Complex Patterns for Strongly Interacting Dynamical Systems

Final Report Summary - COMPAT (Complex Patterns for Strongly Interacting Dynamical Systems)

This project was born to pursue a specific intuition, namely that apparently different mathematical models, characterized in any case by strongly nonlinear interactions and featuring a variational structure, do share many common paradigms and are therefore liable to a fundamentally unified mathematical treatment. This remarkable methodological unity could reflect some general natural laws. This idea has proved to be successful and has produced a remarkable series of new results in cases where (a) the interaction was the prevailing mechanism, (b) the equations were very far from being solved explicitly, and (c) the problems could not be seen in any extent as perturbations of simpler ones.

The basic object of our research were nontrivial solutions of differential models featuring strongly nonlinear interactions. Usually, in many of these circumstances, the emergence of self-organized structures is observed. Such patterns correspond to selected solutions of the differential system possessing special symmetries or shadowing particular shapes. We tried to describe, from the mathematical point of view, the main mechanisms involved in the aggregation process in terms of the global variational structure of the problem. Following this common thread, we dealt with


• attractive interactions: as in the classical N-body problem of Celestial Mechanics, where the balance between attraction and centrifugal effects produces solutions showing complex patterns. More precisely, we were interested in periodic and bounded solutions and parabolic trajectories} with the /bf final intent of proving density of periodic solutions and the occurrence of chaos.
• repulsive interactions: as in competition-diffusion systems, where pattern formation is driven by strongly repulsive forces. Our ultimate goal was to capture the geometry and analysis of the phase segregation, including its asymptotic aspects and the classification of the solutions to the related equation.

All the objectives initially set were achieved, but a scientific research cannot be defined as such if it does not produce also some disappointments and reserve some surprises. Among the most welcome surprises, the discovery of solutions with spiralling nodal sets for the limiting profiles of strongly competing asymmetric systems and that of the parabolic orbit that allows to connect two configurations at infinity for the problem of $N$-centers.
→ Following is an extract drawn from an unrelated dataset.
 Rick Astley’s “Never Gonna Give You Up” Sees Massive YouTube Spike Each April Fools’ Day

These two different problems have been addressed, like the others, with the same basic methodology, including the following steps.
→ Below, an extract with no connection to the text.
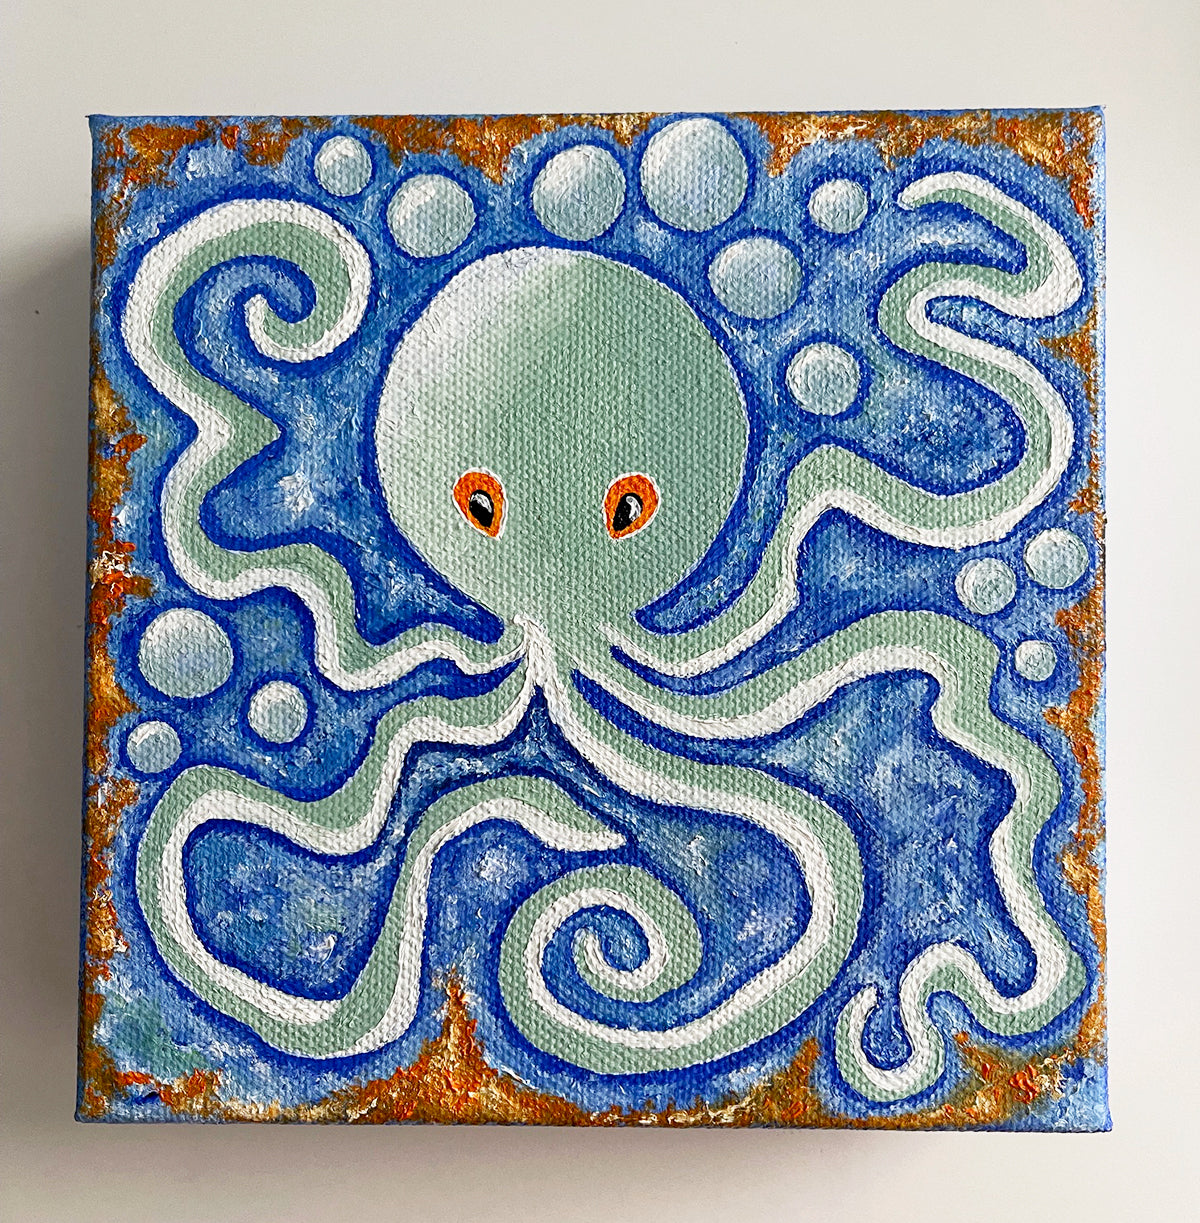 6" X 6" Octopus Oil Painitng

• Asymptotic analysis. The study of the effect of singularities (or singular limits) and the infinity on the profiles. The monotonicity formulae, adjusted for the different cases, the blow-up analysis, the classification of the limiting solutions invariant by dilation.
• Analysis and classification of entire solutions. Entire solutions also carry transitions from one configuration to another: this is the case of parabolic trajectories in Celestial Mechanics and entire solutions of competition-diffusion systems. Entire solutions also heavily enter in the blow-up analysis, as they represent the limiting profiles in some scaling process.
• Gluing techniques. Having gathered different types of elementary solutions, the next step consists of gluing them to build more complex patterns. Gluing can be performed, once more, using global variational techniques, or other methods. This can be done, e.g. by the broken geodesics argument, in the case of trajectories of Classical Mechanics, or by other types of reductions, e.g. by solving optimal partition problems, as in the case of competition-diffusion systems.